> WORK TASK:
Only the lines below from the one that holds "Alison Croggon: Triple" through the one that holds "Maillot Basket Calascia" should appear in the answer, copied exactly, end lines included and pictures omitted.

> RECORDS TO PROCESS:
============================================================
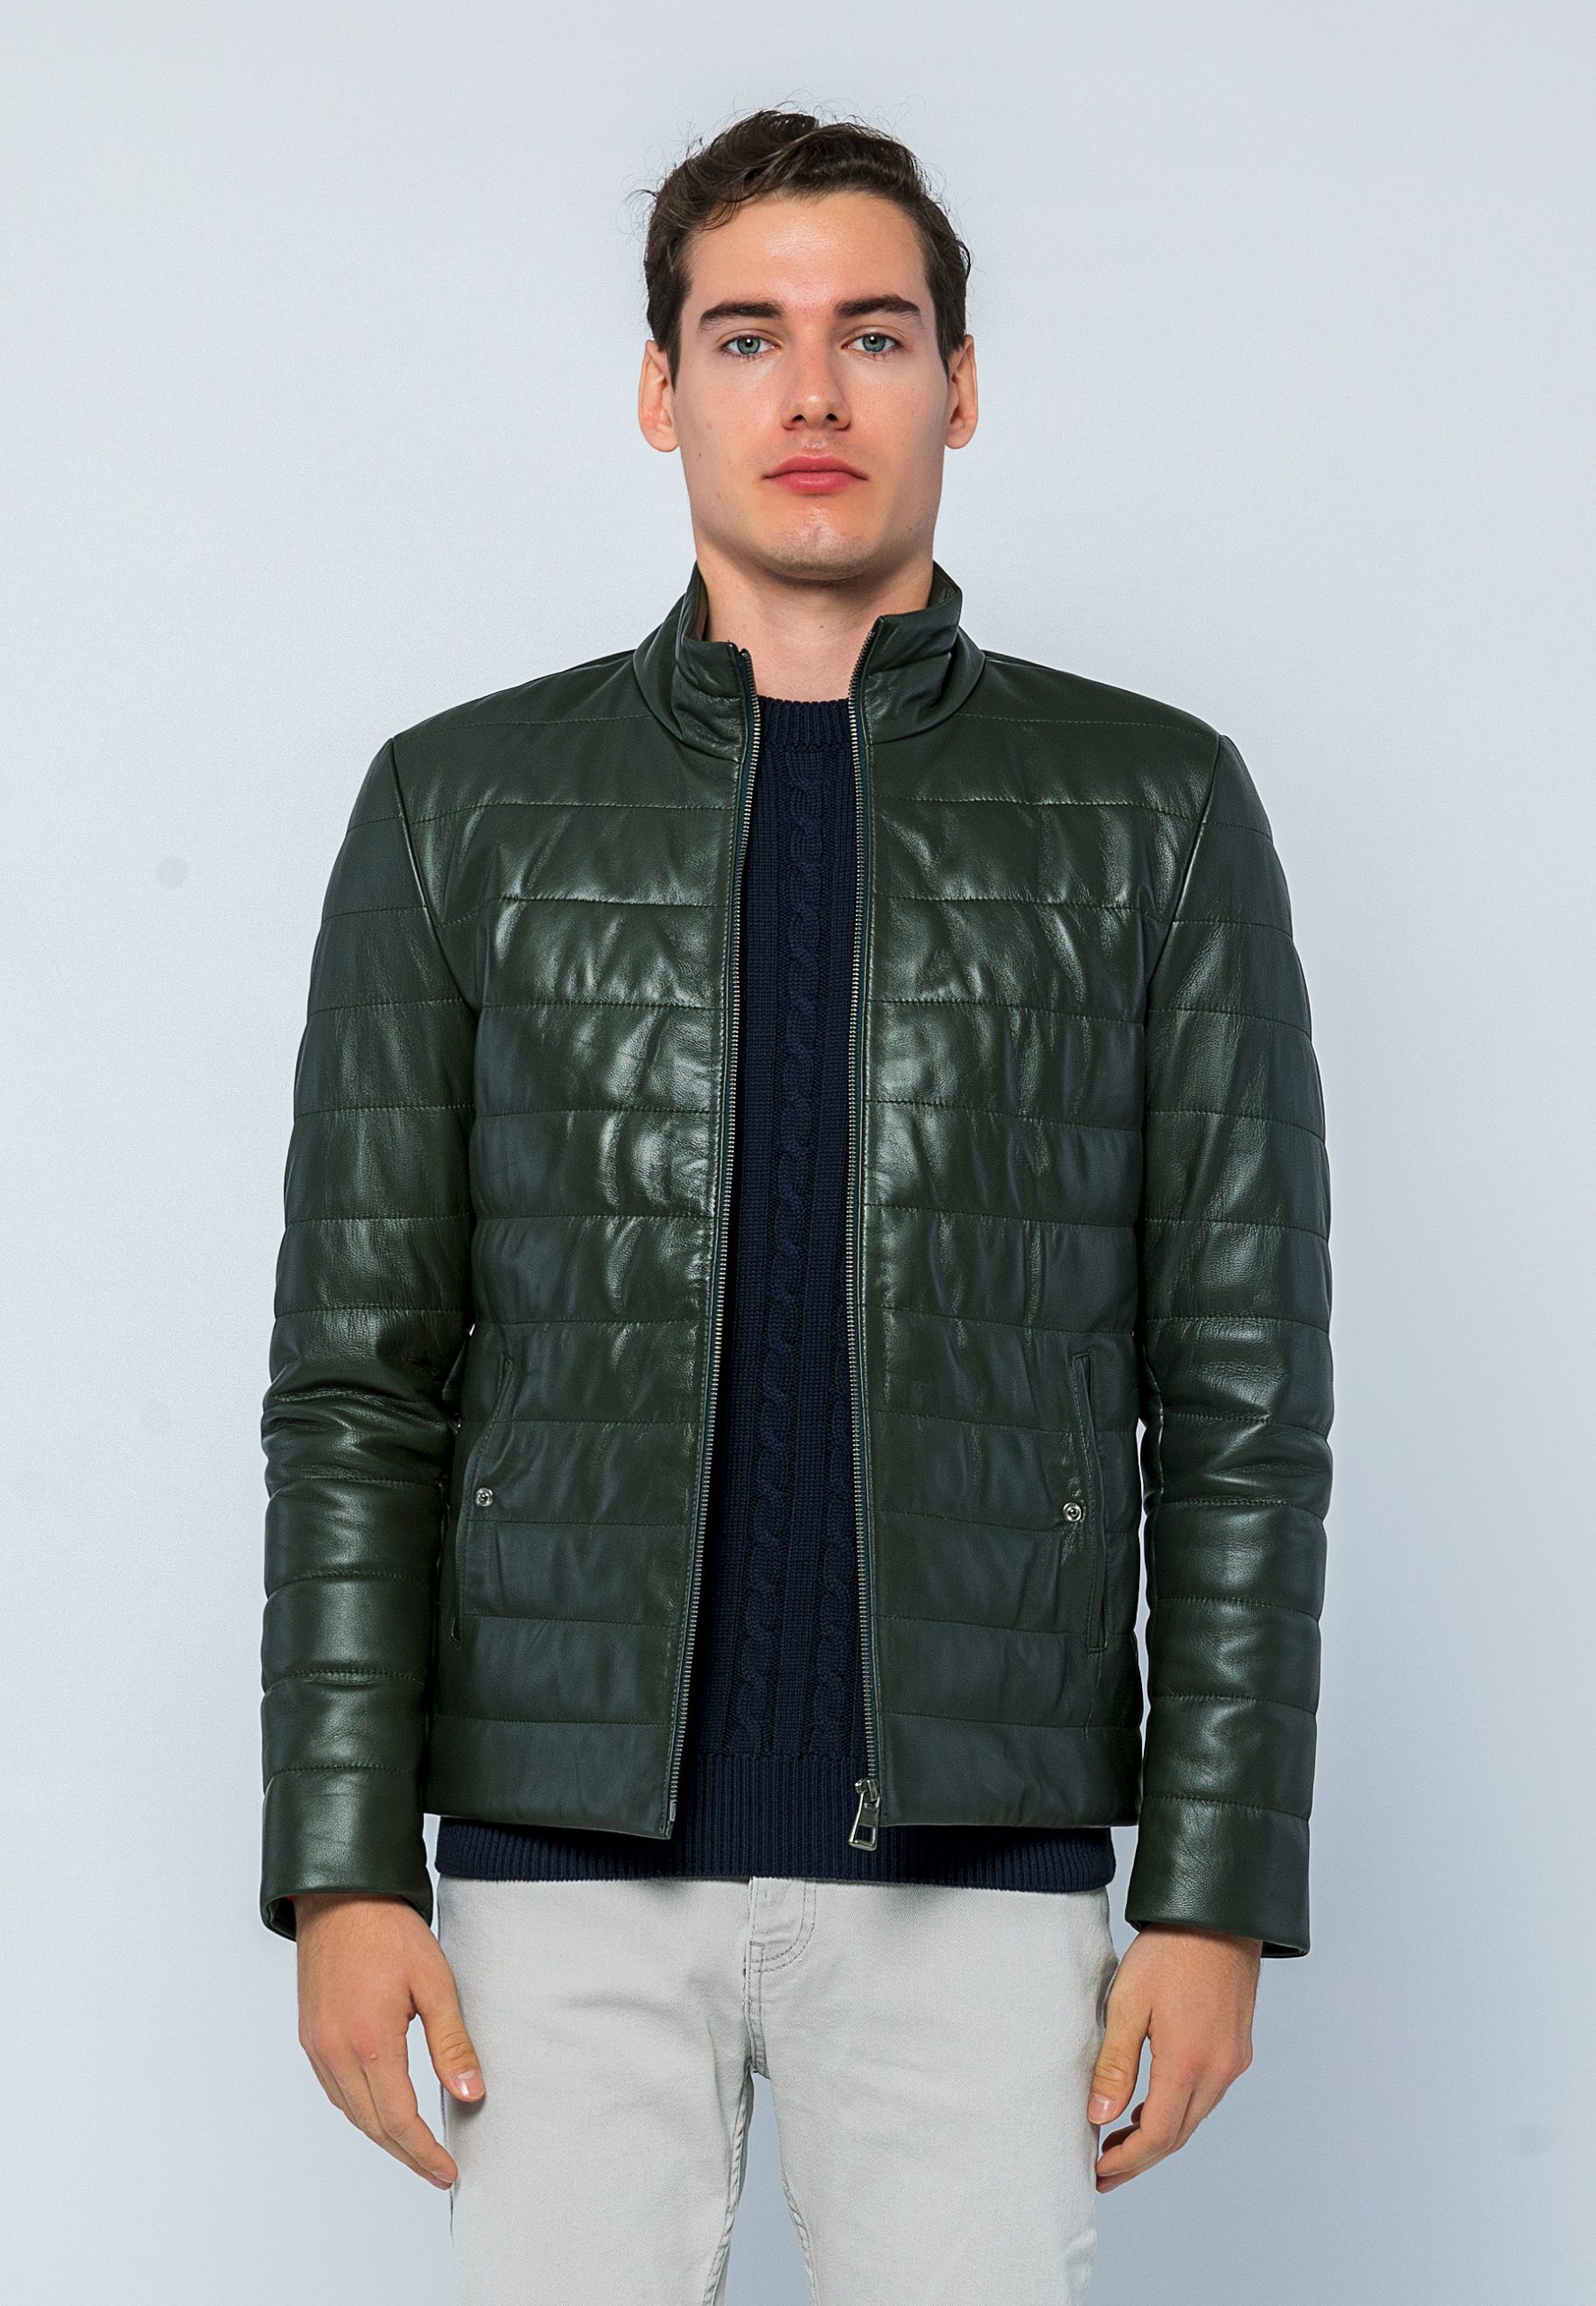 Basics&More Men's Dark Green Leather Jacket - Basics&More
============================================================
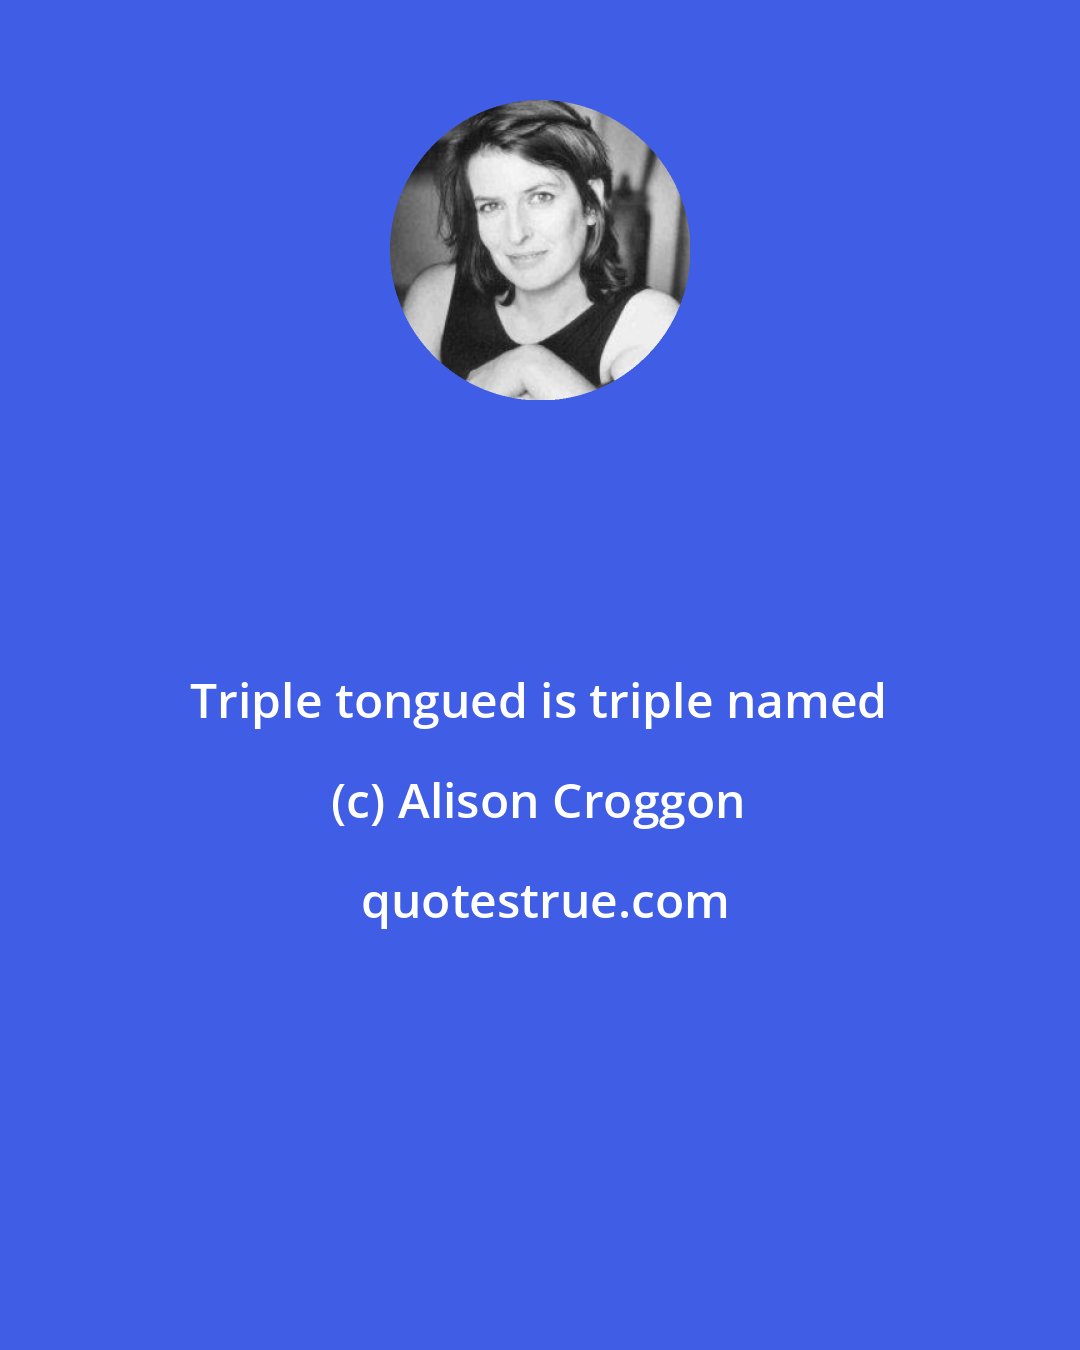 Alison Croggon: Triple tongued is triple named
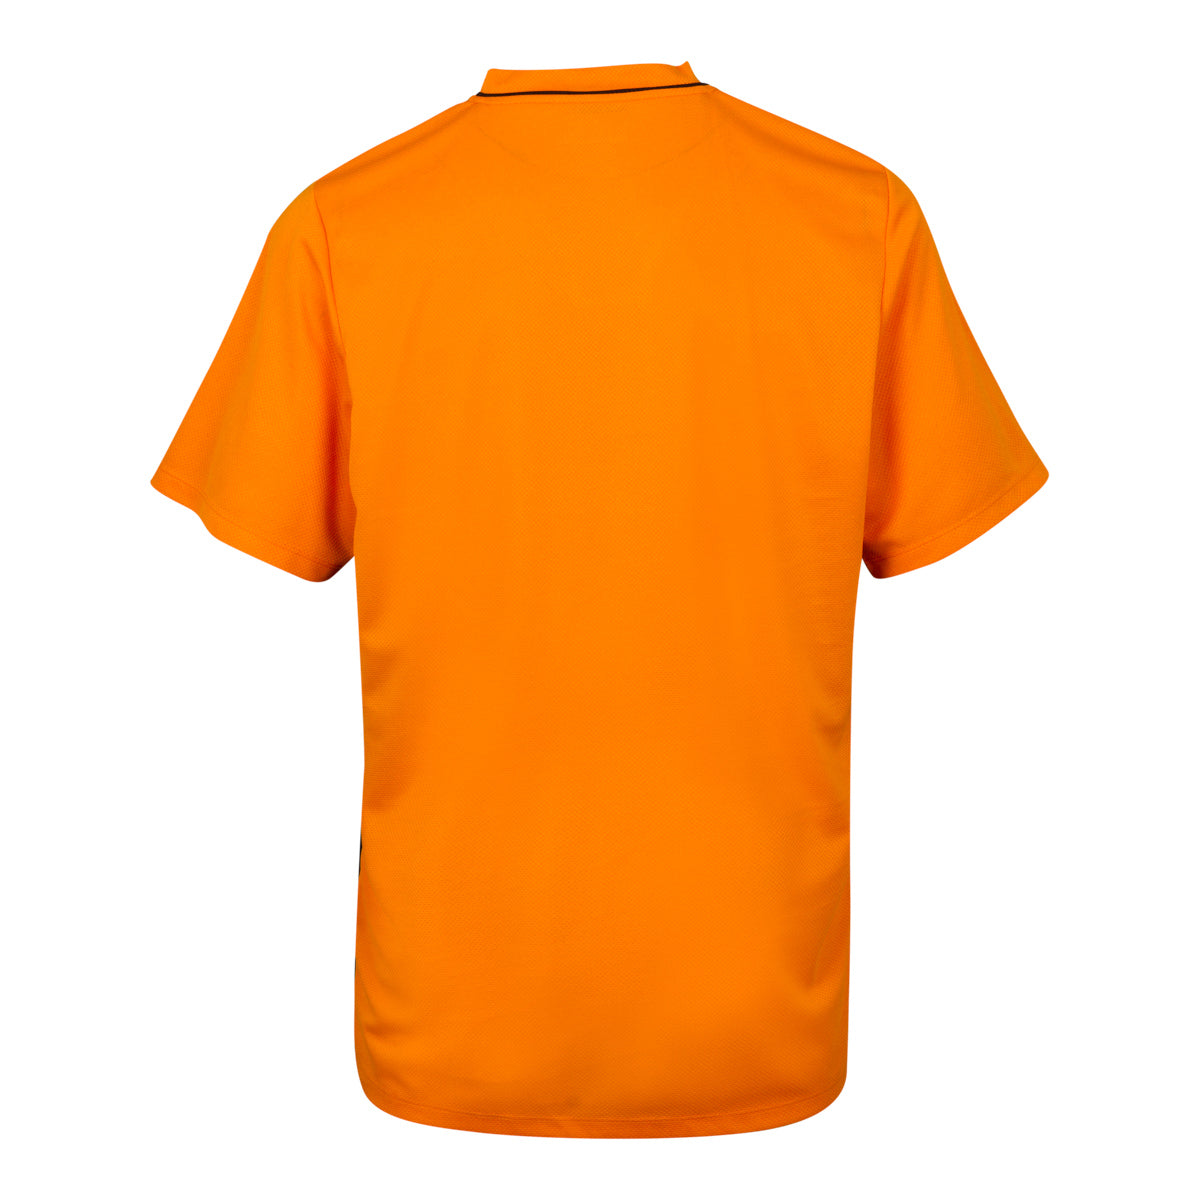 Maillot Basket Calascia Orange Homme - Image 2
============================================================
> RESPONSE FOR THIS EXERCISE:
 Alison Croggon: Triple tongued is triple named
 Maillot Basket Calascia Orange Homme - Image 2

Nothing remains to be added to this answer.